# Your task
This exercise calls for an exact copy of the listing, with no pictures kept.

Material provided: Begin

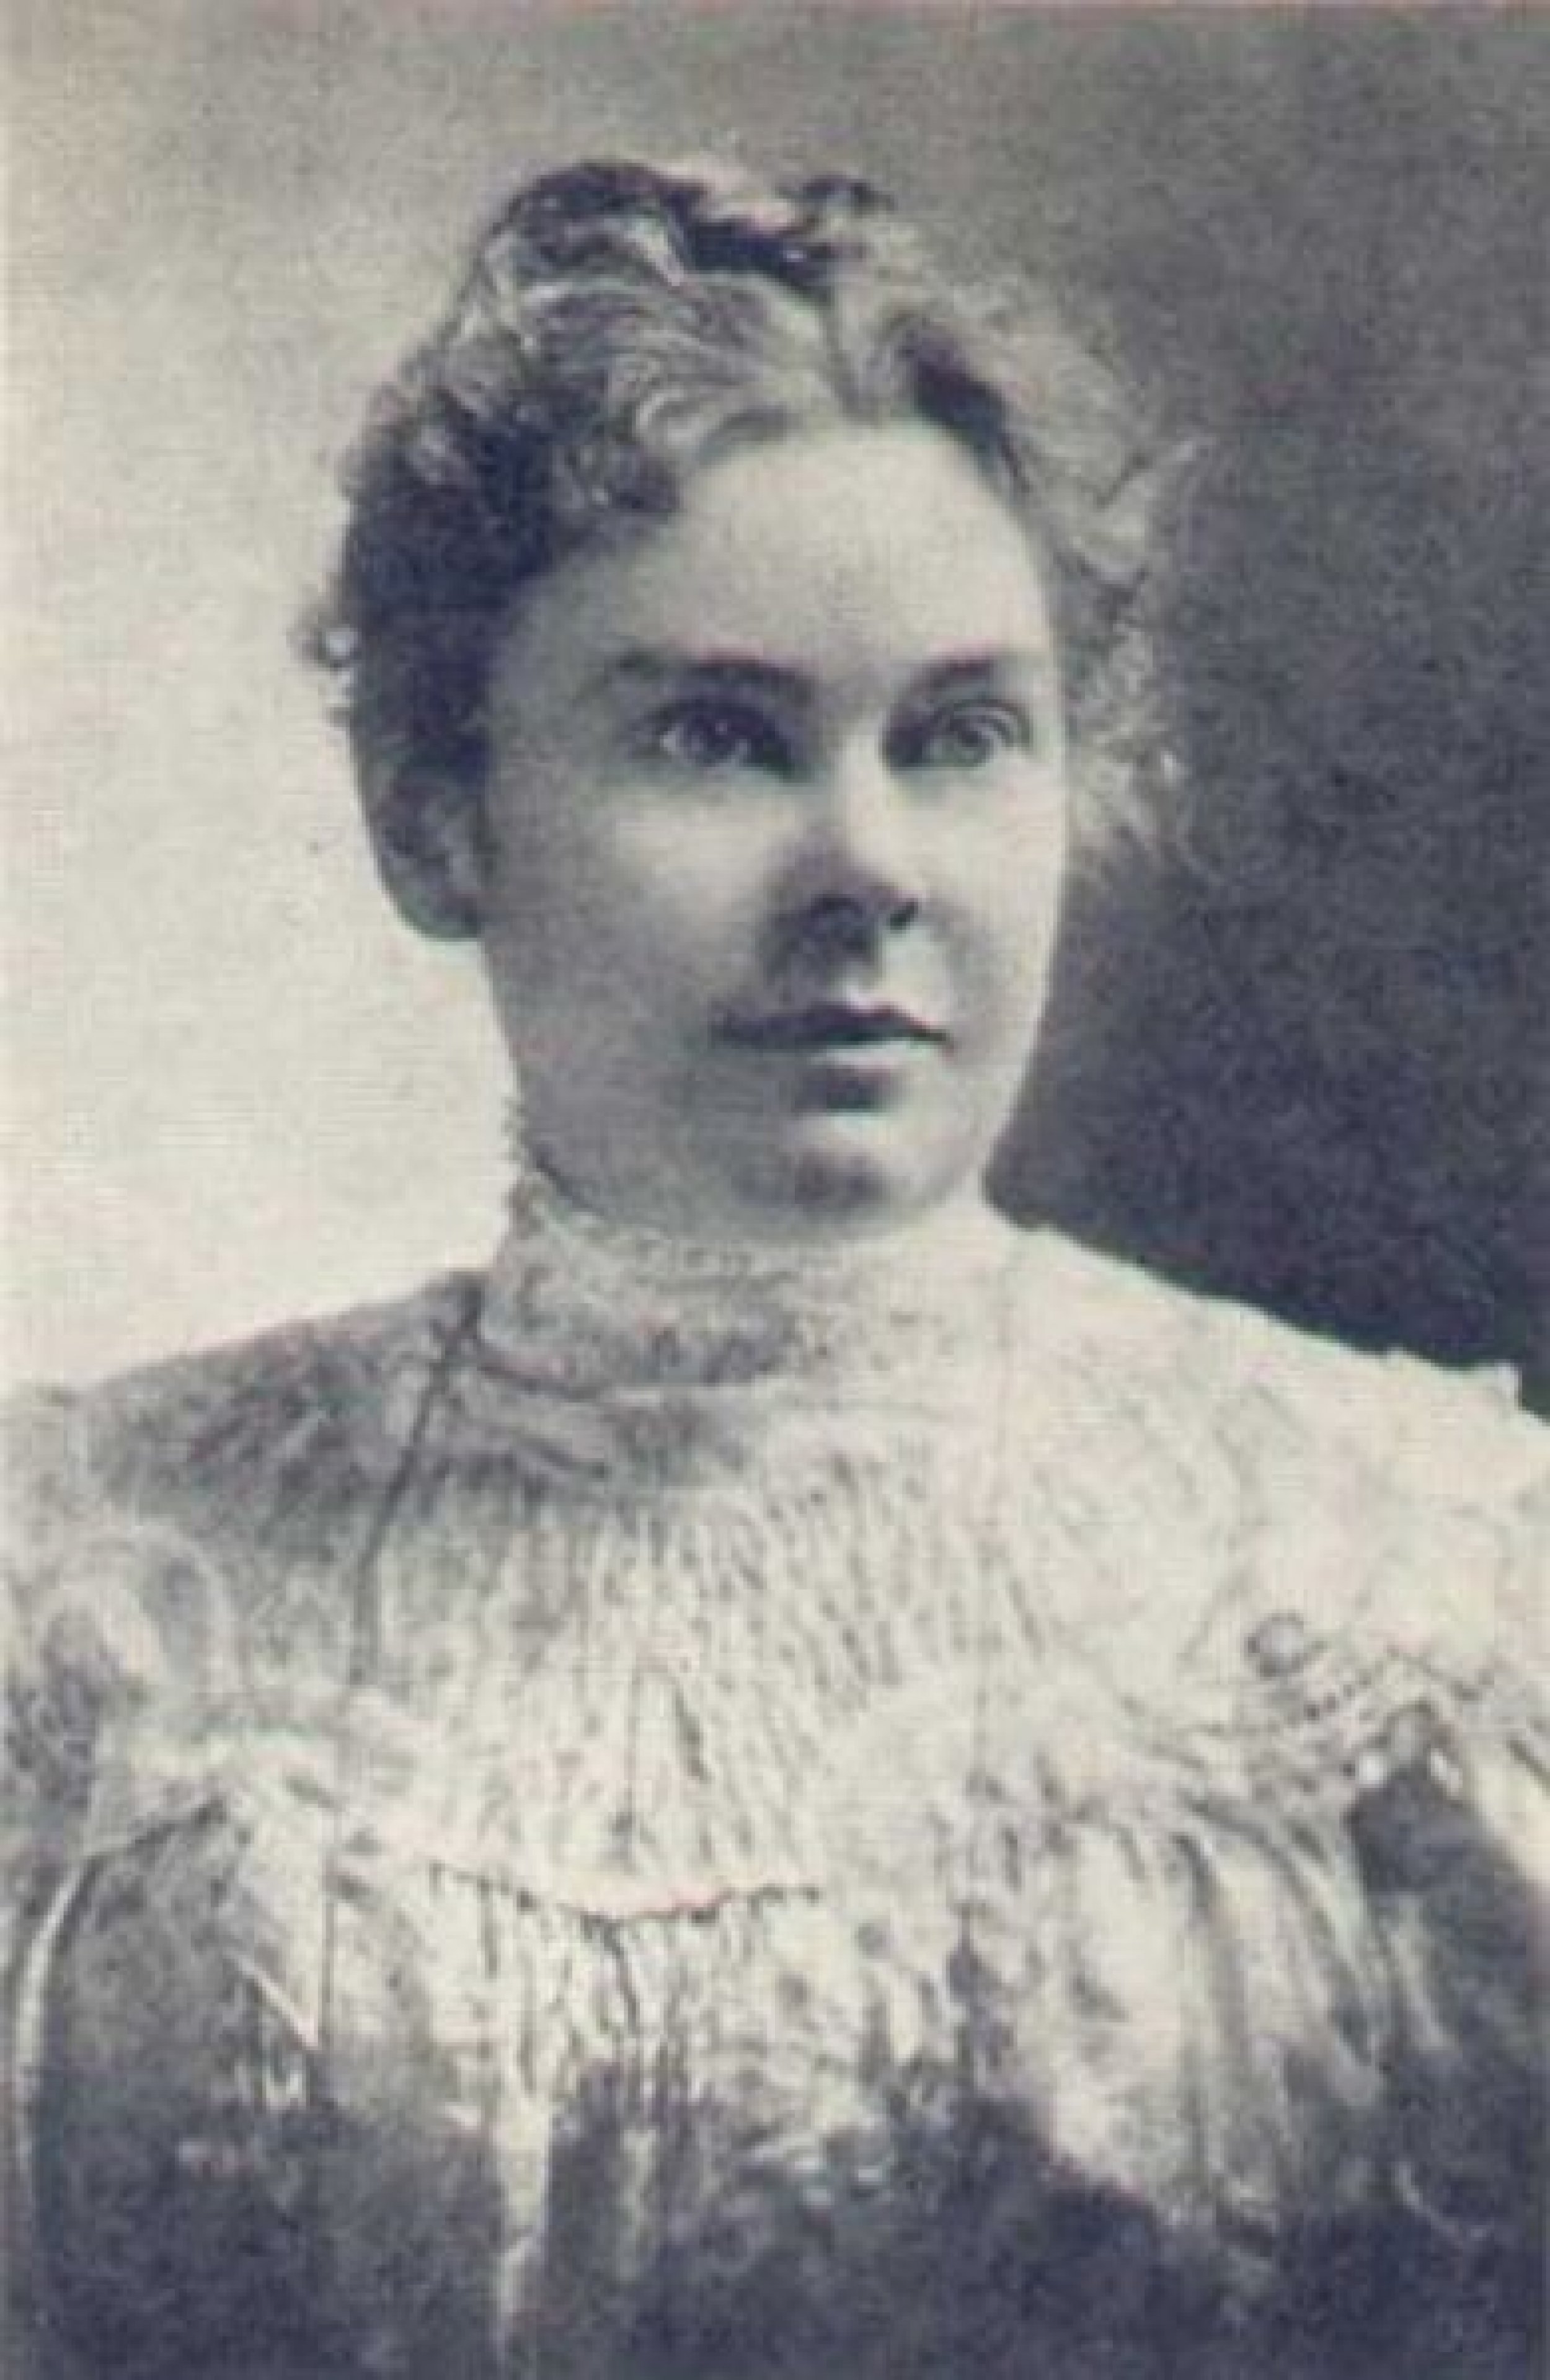 Lizzie Borden Murder Trial
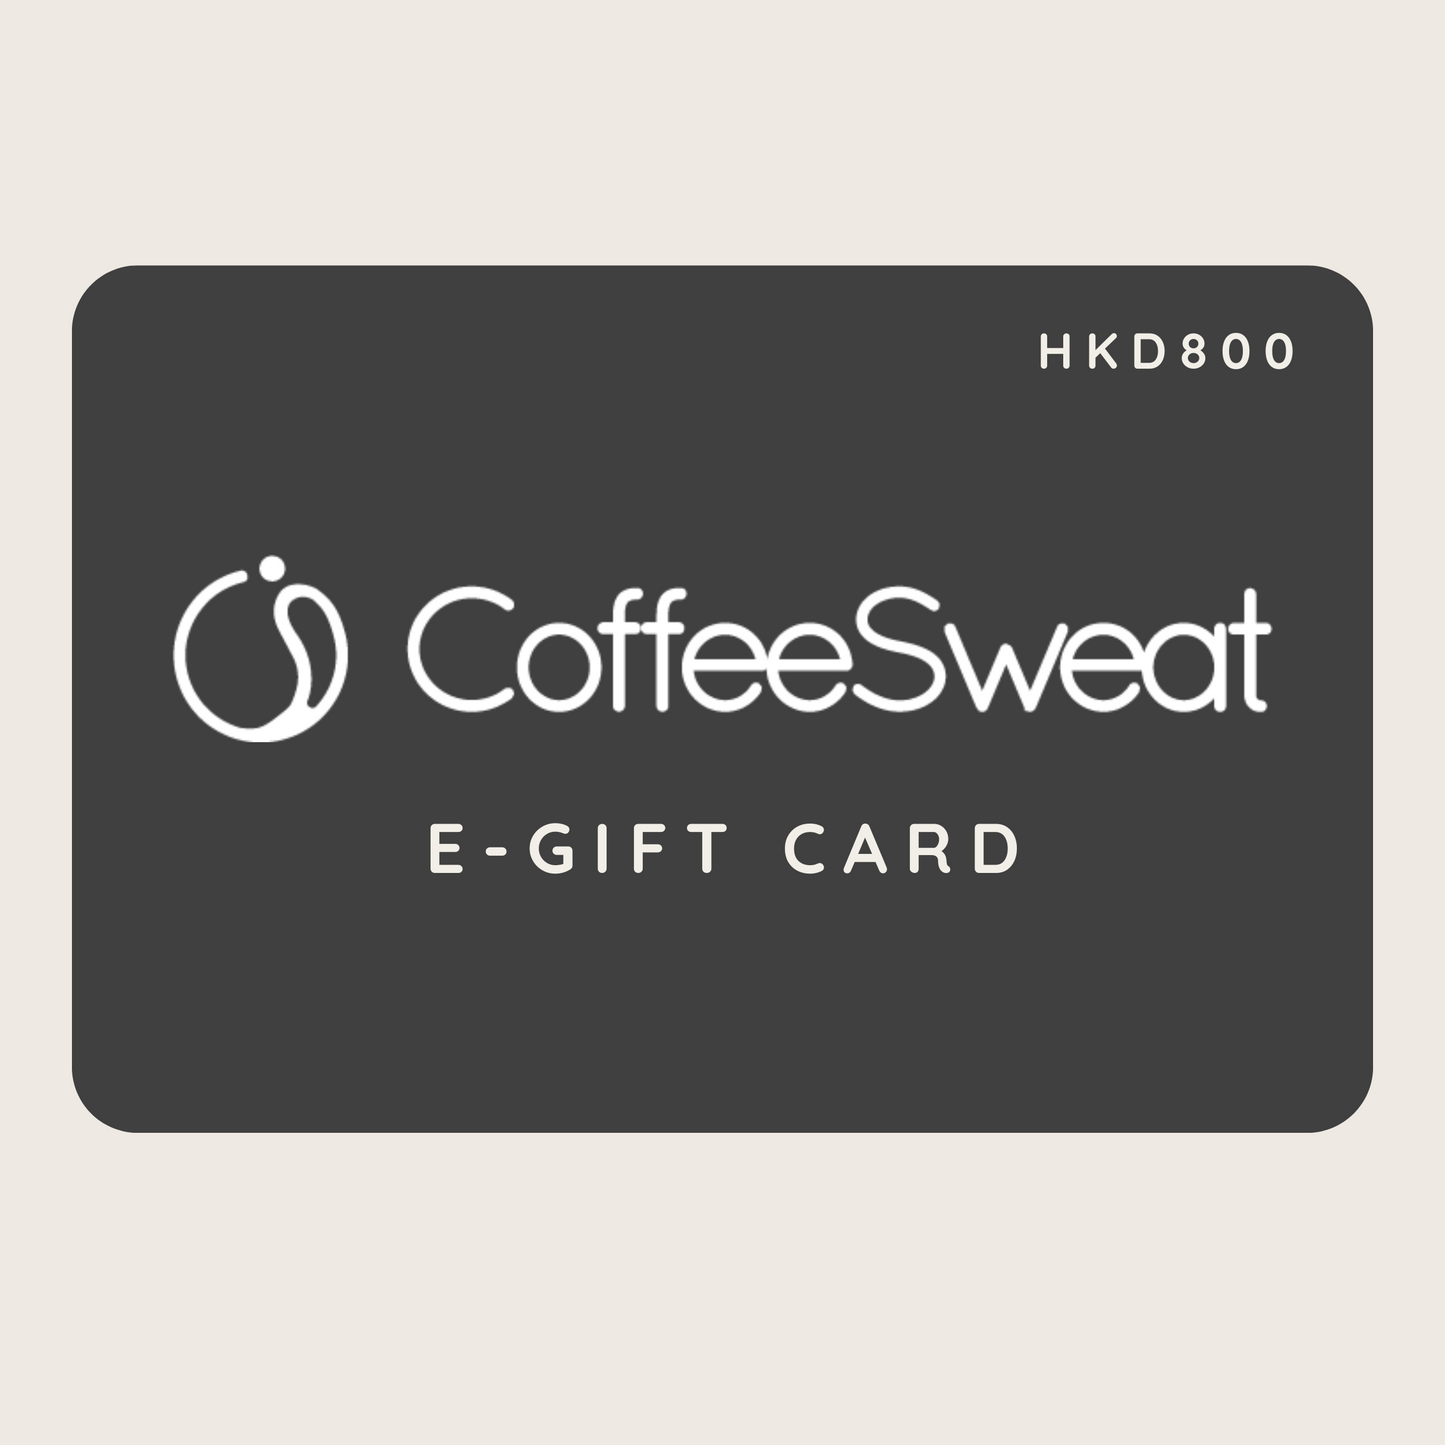 CoffeeSweat 電子禮品卡
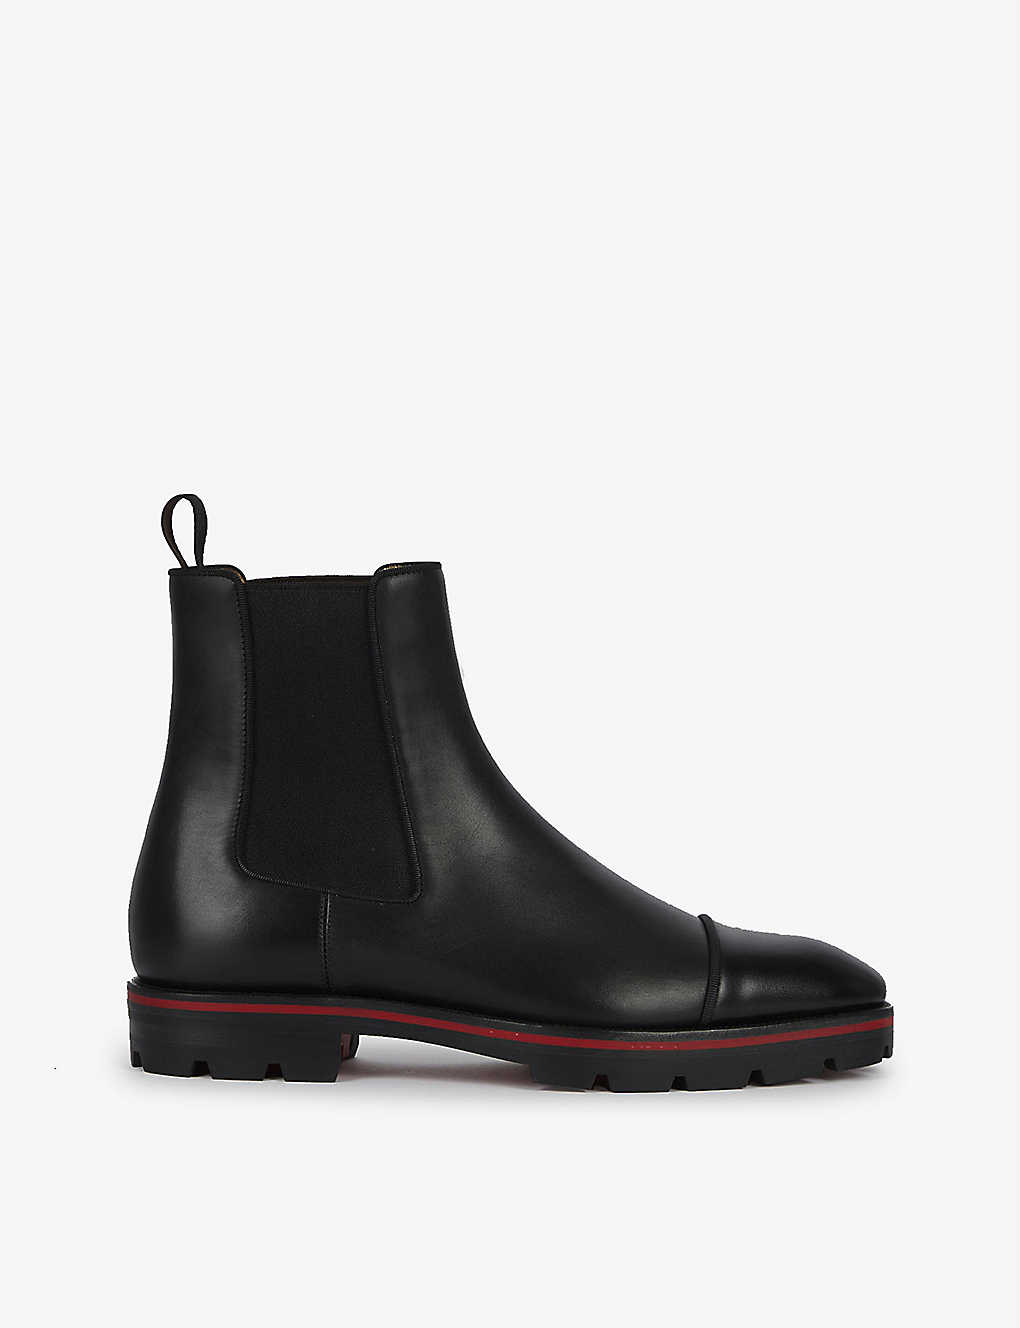 Shop Christian Louboutin Men's Black Melon Leather Ankle Boots

Material provided: End

# Result of this exercise
 Lizzie Borden Murder Trial
 CoffeeSweat 電子禮品卡
 Shop Christian Louboutin Men's Black Melon Leather Ankle Boots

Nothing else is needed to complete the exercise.